Karrierechancen sind für Frauen auch an Schulen deutlich schlechter als für Männer. Daher kann man als Frau bei allen Fragen zum eigenen Arbeitsplatz eine:n Gleichstellungsbeauftragte:n ansprechen. Sie setzen sich dafür ein, dass Frauen am Arbeitsplatz nicht mehr benachteiligt werden. Gleichstellungsbeauftragte kümmern sich darum, dass bei Einstellungen Frauen die gleichen Chancen haben, wie Männer. Sie sind zudem eingebunden, wenn es um Lösungen für Probleme von Teilzeitbeschäftigten geht, Fragen der Beförderung oder die Teilnahme an Qualifizierungs- und Fortbildungsangeboten.


Grundschulen

Kinder werden mit 6 oder 7 Jahren an der Grundschule eingeschult. Die Grundschule umfasst dann die 1. bis 4. Klasse und wird auch Primarstufe genannt. Sie sind Orte des gemeinsamen Lernens, weil alle Schüler:innen diese erste Stufe im Bildungswesen besuchen. Es ist daher besonders wichtig, dass Grundschullehrer:innen gute Bildungsangebote schaffen, die alle Schüler:innen angemessen fördern. Nach der Grundschule können Eltern aus unterschiedlichen Schulformen entscheiden, welche Sekundarstufe I (5. bis 10. Klasse) ihr Kind besuchen wird. Schulen der Sekundarstufe I sind Gymnasien, Gesamtschulen, Sekundarschulen, Realschulen und Hauptschulen.


Gymnasium

Gymnasien sollen eine vertiefte Allgemeinbildung vermitteln und Schüler:innen – nach einem Abschluss – zum Studium an einer Universität befähigen. Komplexe Probleme werden im Unterricht behandelt und das abstrakte, analytische und kritische Denken von Schüler:innen gefördert. Das Gymnasium umfasst die Sekundarstufe I und eine gymnasiale Oberstufe (Sekundarstufe II). In NRW gibt es G8- und G9-Gymnasien. An G8-Gymnasien lernen Schüler:innen in der Sekundarstufe I von der Klasse 5 bis 9 zusammen und beginnen dann mit der dreijährigen gymnasialen Oberstufe. Sie beenden das Gymnasium nach der Klasse 12. In G9-Gymnasien geht die Sekundarstufe I hingegen bis zur 10. Klasse. Die gymnasiale Oberstufe umfasst wieder drei Jahre, sodass Schüler:innen erst nach der Klasse 13 das Gymnasium abschließen.

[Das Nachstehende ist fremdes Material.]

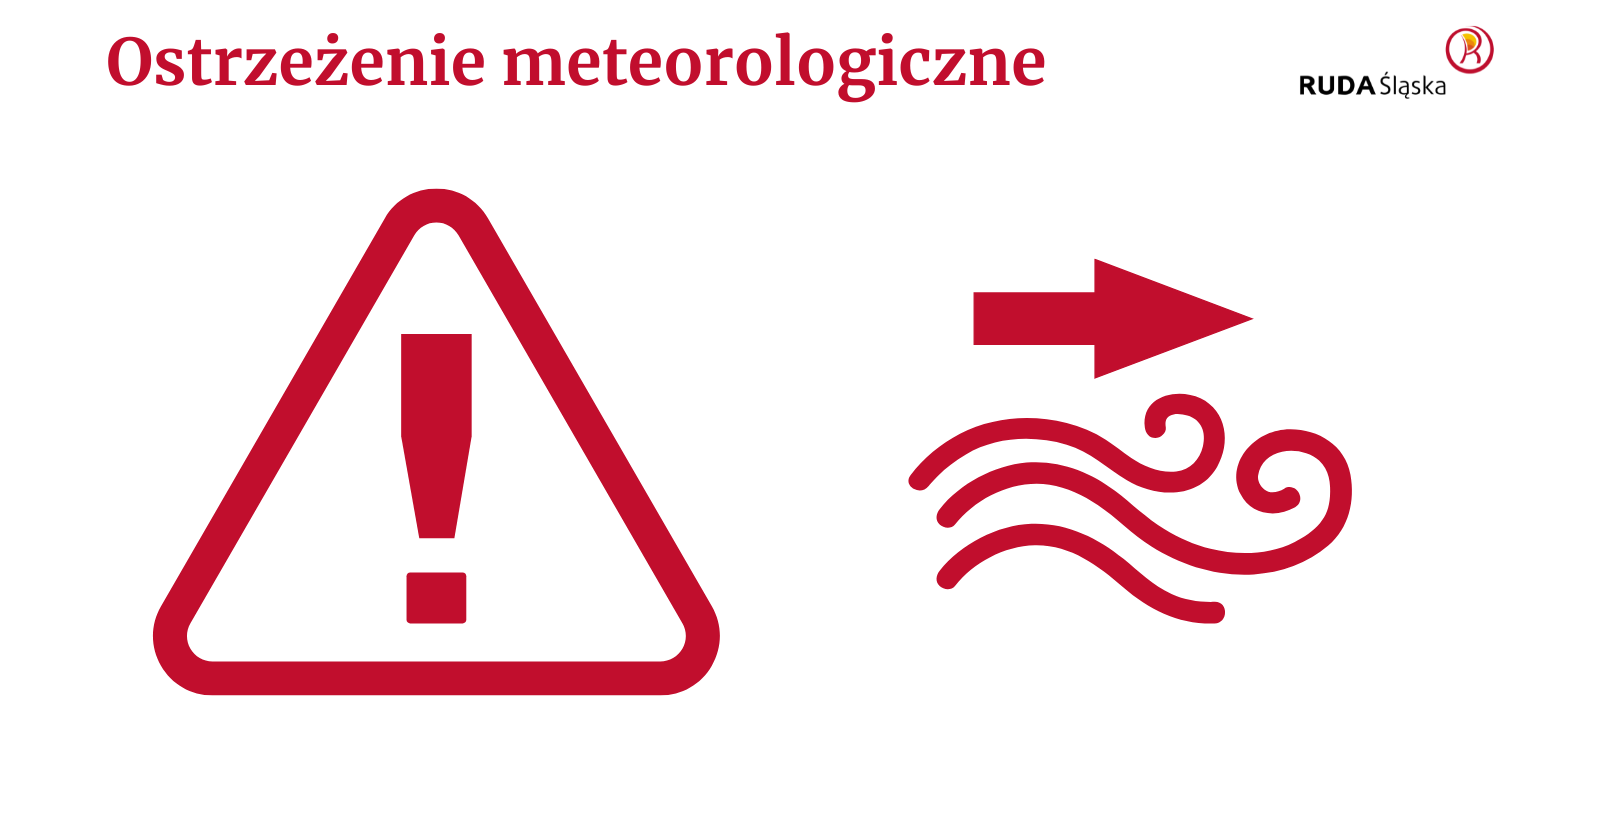 Czerwony tekst "ostrzeżenie meteorologiczne", czerwony wykrzyknik w trójkącie, czerwony symbol wiatru ze strzałką, logo Rudy Śląskiej.

Sowohl G8- als auch G9-Gymnasien sollen Schüler:innen für die Allgemeine Hochschulreife (das Abitur) vorbereiten. Auch an Gymnasien gibt es Wahlpflichtunterricht, wo sich Schüler:innen beispielsweise für das Erlernen einer dritten Fremdsprache entscheiden können. Alle Schüler:innen lernen aber mindestens zwei Fremdsprachen.